Dataset records
┌────────

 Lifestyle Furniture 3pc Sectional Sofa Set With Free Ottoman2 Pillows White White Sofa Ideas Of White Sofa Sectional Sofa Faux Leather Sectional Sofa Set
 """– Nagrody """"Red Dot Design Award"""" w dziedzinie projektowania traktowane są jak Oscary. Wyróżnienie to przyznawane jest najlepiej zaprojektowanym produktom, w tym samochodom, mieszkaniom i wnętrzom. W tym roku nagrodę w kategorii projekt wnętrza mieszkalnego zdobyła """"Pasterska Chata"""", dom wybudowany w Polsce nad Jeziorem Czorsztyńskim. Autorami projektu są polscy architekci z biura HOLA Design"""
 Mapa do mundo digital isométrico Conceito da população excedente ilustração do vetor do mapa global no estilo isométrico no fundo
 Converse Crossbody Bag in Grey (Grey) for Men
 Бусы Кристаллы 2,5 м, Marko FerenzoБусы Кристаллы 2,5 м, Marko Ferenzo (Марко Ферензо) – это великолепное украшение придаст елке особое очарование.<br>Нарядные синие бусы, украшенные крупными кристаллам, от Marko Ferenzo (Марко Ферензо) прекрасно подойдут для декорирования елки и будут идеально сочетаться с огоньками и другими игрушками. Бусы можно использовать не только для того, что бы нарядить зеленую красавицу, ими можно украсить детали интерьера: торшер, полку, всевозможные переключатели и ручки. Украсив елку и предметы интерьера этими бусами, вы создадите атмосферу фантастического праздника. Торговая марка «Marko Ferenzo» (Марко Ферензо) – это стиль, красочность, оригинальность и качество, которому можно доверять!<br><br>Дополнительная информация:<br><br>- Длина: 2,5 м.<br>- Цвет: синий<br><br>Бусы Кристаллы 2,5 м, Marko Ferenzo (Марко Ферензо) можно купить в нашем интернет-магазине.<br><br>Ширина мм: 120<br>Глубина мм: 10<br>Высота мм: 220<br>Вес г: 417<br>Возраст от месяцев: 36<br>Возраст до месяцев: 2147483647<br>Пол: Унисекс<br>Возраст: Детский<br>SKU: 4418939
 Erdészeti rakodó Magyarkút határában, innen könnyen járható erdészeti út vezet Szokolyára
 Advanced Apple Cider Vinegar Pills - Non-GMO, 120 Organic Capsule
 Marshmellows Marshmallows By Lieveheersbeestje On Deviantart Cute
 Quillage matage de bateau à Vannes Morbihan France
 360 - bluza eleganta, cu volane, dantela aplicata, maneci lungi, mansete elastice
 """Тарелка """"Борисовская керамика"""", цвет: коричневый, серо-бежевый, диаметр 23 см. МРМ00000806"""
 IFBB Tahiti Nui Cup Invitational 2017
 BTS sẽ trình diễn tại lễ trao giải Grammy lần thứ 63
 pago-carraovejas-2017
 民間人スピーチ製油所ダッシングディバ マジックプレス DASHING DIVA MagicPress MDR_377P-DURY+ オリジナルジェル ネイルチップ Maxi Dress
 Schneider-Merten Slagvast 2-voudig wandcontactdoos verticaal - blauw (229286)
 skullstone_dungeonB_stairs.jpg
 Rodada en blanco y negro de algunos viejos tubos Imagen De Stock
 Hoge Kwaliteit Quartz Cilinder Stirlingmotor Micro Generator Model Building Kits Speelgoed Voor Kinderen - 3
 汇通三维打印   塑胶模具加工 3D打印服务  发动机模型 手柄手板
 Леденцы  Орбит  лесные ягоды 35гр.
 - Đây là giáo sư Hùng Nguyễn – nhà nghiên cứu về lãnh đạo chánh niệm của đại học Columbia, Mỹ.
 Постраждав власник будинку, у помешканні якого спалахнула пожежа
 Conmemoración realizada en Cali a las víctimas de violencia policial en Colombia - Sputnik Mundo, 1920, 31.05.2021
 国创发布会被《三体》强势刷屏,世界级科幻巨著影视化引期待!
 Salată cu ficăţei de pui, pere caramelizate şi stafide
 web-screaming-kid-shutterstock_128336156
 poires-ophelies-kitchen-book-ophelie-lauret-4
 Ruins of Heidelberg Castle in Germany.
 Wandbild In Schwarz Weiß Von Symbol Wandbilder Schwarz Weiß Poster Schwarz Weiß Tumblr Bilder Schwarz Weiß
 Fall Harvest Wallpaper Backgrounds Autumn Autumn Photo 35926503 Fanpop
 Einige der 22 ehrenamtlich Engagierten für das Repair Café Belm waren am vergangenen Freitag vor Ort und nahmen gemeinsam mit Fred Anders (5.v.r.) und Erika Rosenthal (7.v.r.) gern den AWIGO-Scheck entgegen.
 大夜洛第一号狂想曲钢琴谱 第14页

└────────

Write out again, exactly, the lines from the start of the entries up to and including the one with "Converse Crossbody Bag". Nothing else belongs in the reply.

 Lifestyle Furniture 3pc Sectional Sofa Set With Free Ottoman2 Pillows White White Sofa Ideas Of White Sofa Sectional Sofa Faux Leather Sectional Sofa Set
 """– Nagrody """"Red Dot Design Award"""" w dziedzinie projektowania traktowane są jak Oscary. Wyróżnienie to przyznawane jest najlepiej zaprojektowanym produktom, w tym samochodom, mieszkaniom i wnętrzom. W tym roku nagrodę w kategorii projekt wnętrza mieszkalnego zdobyła """"Pasterska Chata"""", dom wybudowany w Polsce nad Jeziorem Czorsztyńskim. Autorami projektu są polscy architekci z biura HOLA Design"""
 Mapa do mundo digital isométrico Conceito da população excedente ilustração do vetor do mapa global no estilo isométrico no fundo
 Converse Crossbody Bag in Grey (Grey) for Men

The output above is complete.